Reproduce verbatim all of the data given below, but do not carry over the images.

# INFORMATION SUPPLIED:
----------------

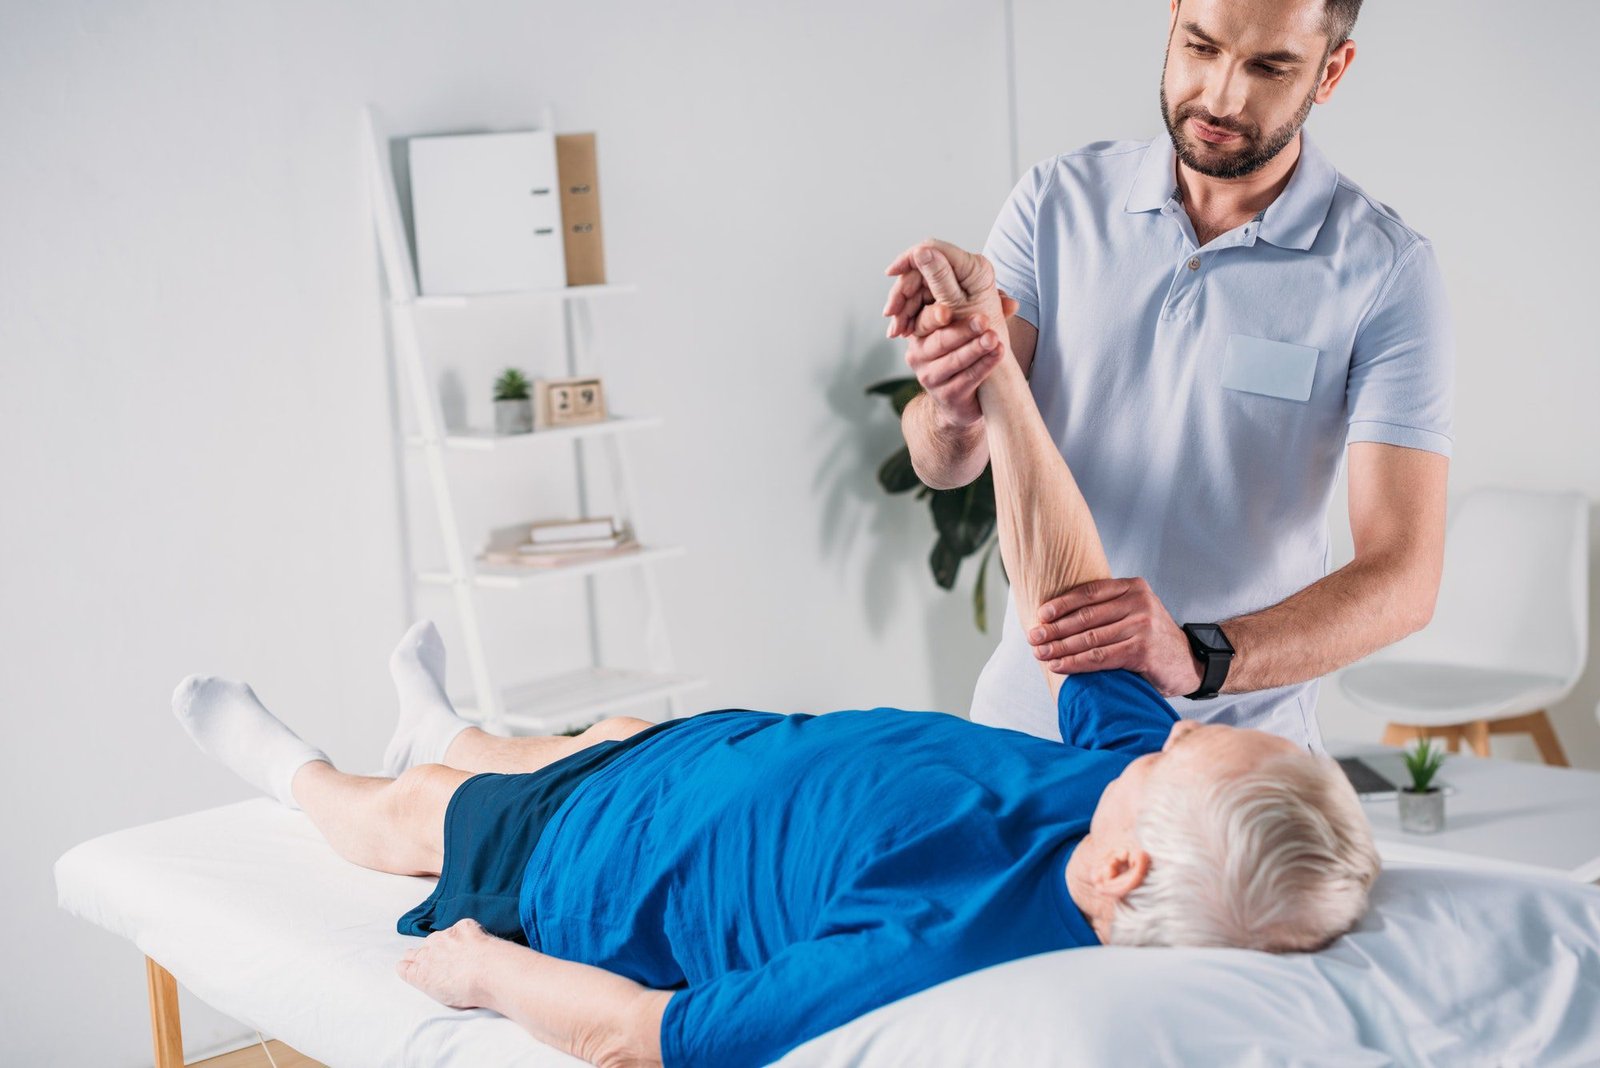 focused physiotherapist doing massage to senior man on massage table
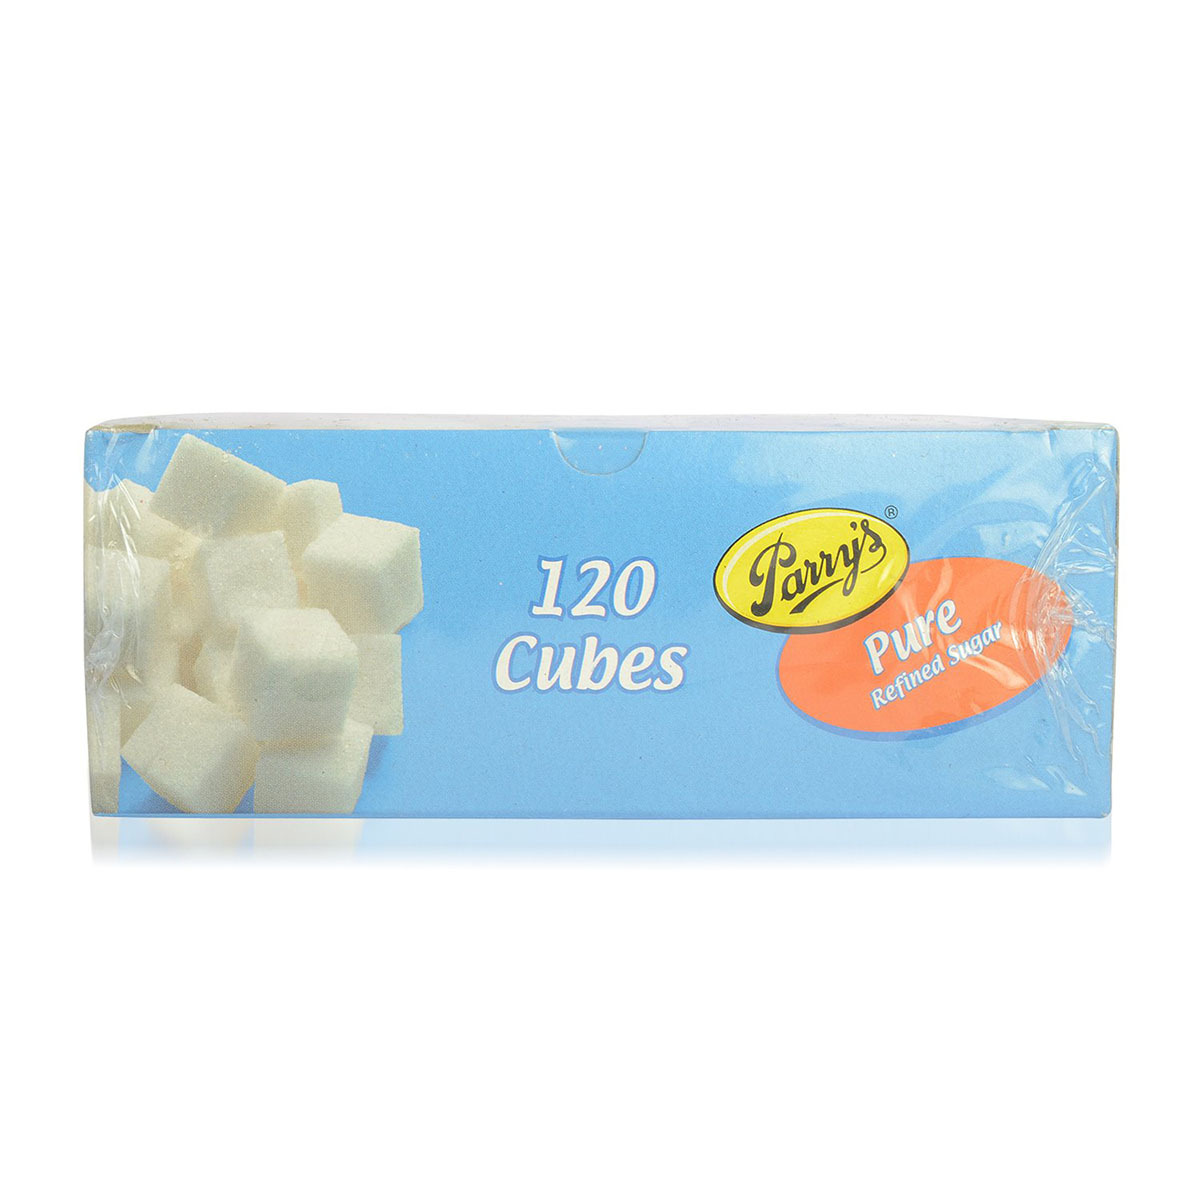 Parrys Pure Refined Cube Sugar 500g
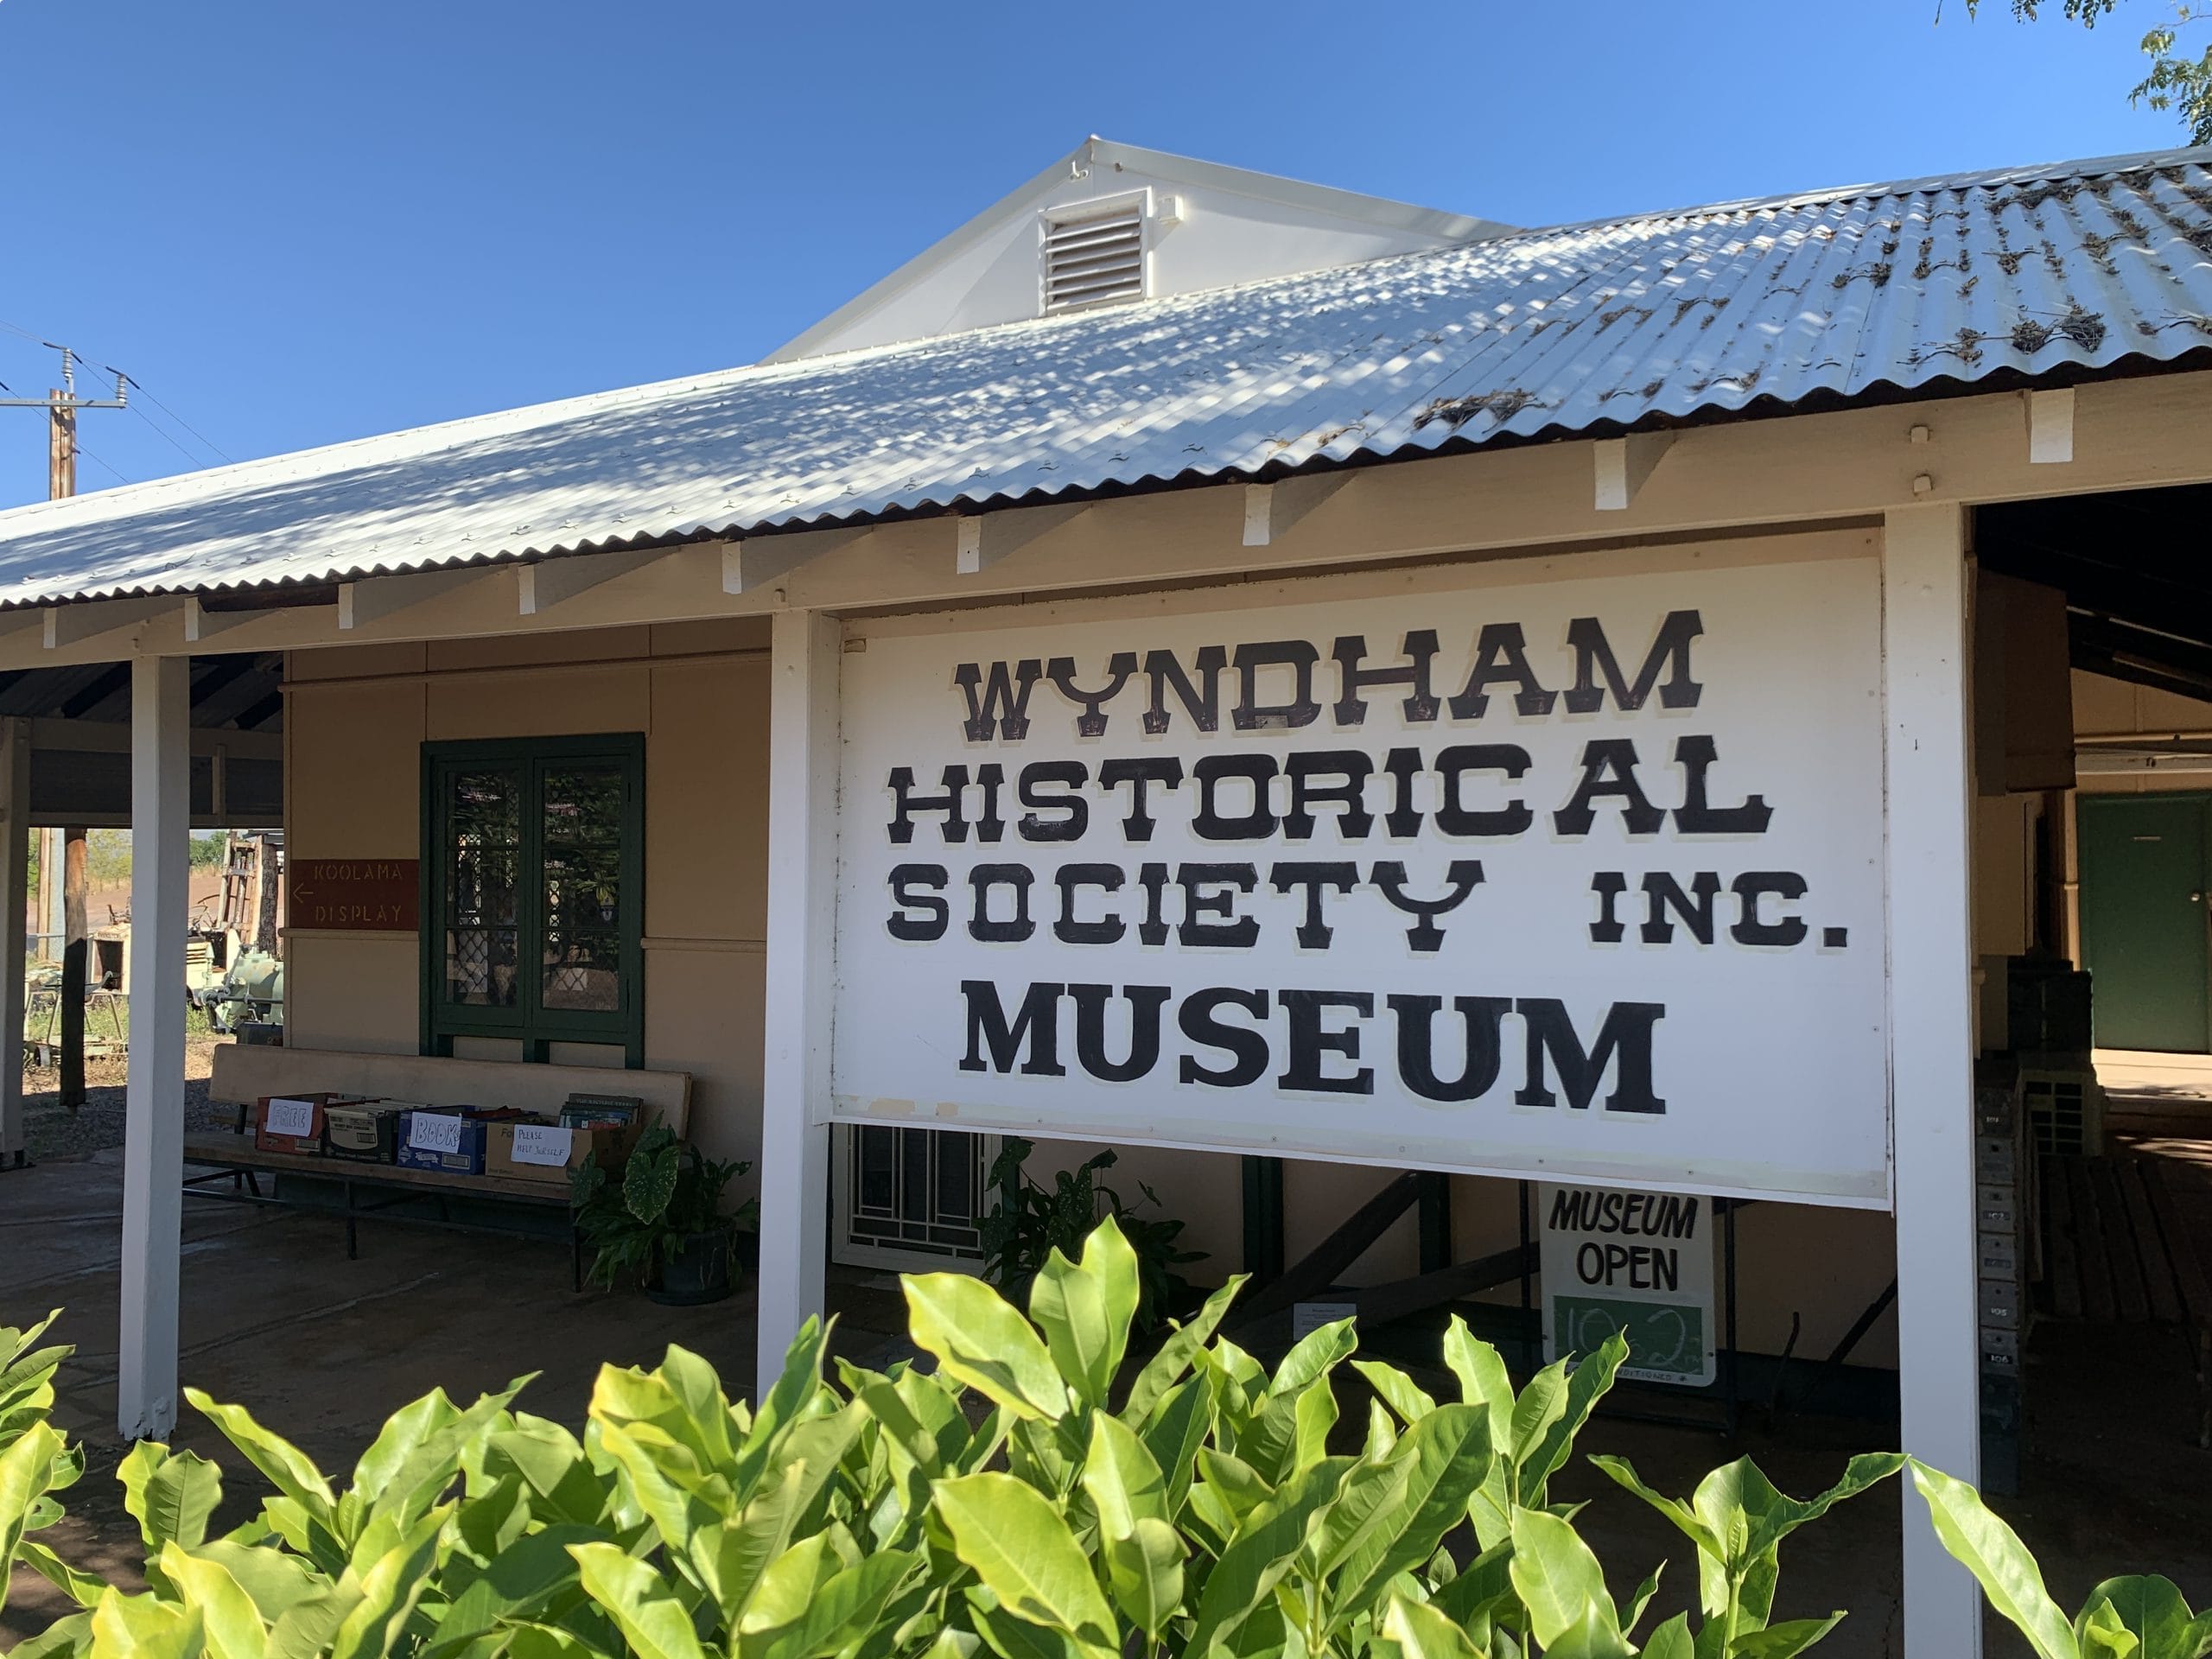 Wyndham Historical society

----------------

# RESPONSE TO THIS TASK:
 focused physiotherapist doing massage to senior man on massage table
 Parrys Pure Refined Cube Sugar 500g
 Wyndham Historical society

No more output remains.